The safety and effectiveness of dapagliflozin were evaluated in a randomized, double-blind, placebo-controlled study of 4,744 participants. The average age of participants was 66 years and more participants were male (77%) than female. To determine the drug's effectiveness, investigators examined the occurrence of cardiovascular death, hospitalization for heart failure, and urgent heart failure visits. Participants were randomly assigned to receive a once-daily dose of either 10 mg of dapagliflozin or a placebo (inactive treatment). After about 18 months, people who received dapagliflozin had fewer cardiovascular deaths, hospitalizations for heart failure, and urgent heart-failure visits than those receiving the placebo.

In July 2020, the FDA granted AstraZeneca a Fast Track Designation in the US for the development of dapagliflozin to reduce the risk of hospitalization for heart failure or cardiovascular death in adults following a heart attack.
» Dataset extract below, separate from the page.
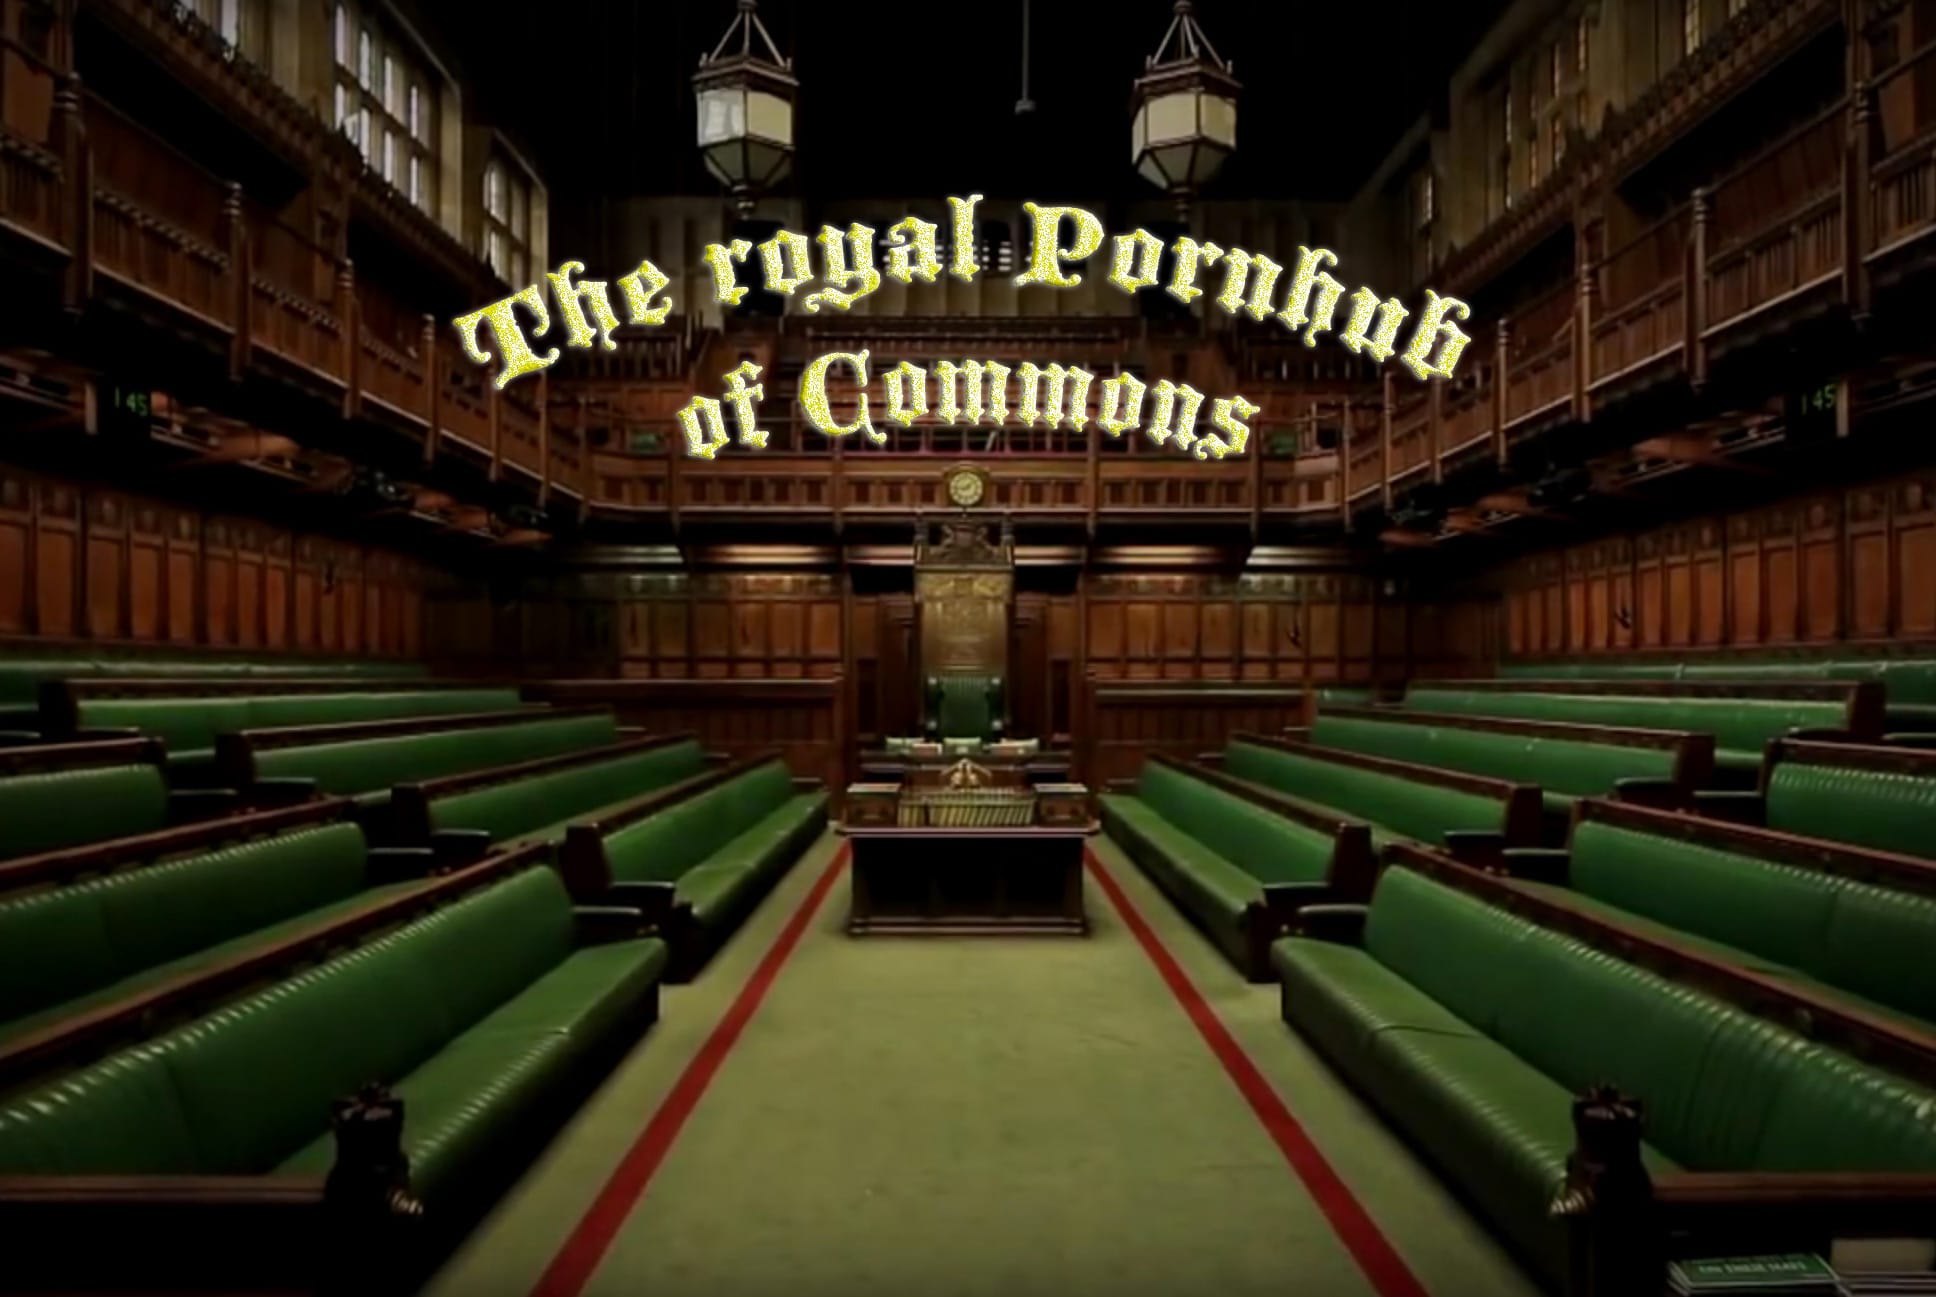 The royal pornhub of commons

In August 2020, detailed results from the Phase III DAPA-CKD trial reportedly showed that dapagliflozin on top of standard of care reduced the composite measure of worsening of renal function or risk of cardiovascular or renal death by 39% compared to placebo (p<0.0001) in patients with chronic kidney disease stages 2–4 and elevated urinary albumin excretion. The results were consistent in patients both with and without type 2 diabetes.

In April 2021, the FDA expanded the indications for dapagliflozin to include reducing the risk of kidney function decline, kidney failure, cardiovascular death, and hospitalization for heart failure in adults with chronic kidney disease who are at risk of disease progression. The efficacy of dapagliflozin to improve kidney outcomes and reduce cardiovascular death in people with chronic kidney disease was evaluated in a multicenter, double-blind study of 4,304 participants.

In February 2023, the EU authorized dapagliflozin for extended use to cover heart failure patients across the full spectrum of left ventricular ejection fraction (LVEF), including those with mildly reduced and preserved ejection fraction.

== Society and culture ==
=== Legal status ===
A generic version of dapagliflozin was approved by the US FDA in February 2022, but cannot be sold until October 2025. A generic version was approved in Canada in May 2023.

In January 2023, the CHMP of the EMA adopted a positive opinion, recommending the granting of a marketing authorization for a generic version of Forxiga, which has been authorized in the EU since November 2012. Dapagliflozin Viatris was authorized for medical use in the European Union in March 2023.

== Research ==

A systematic review concluded that dapagliflozin reduced heart failure hospitalization, cardiovascular death, and all-cause mortality in people with HFrEF and diabetes.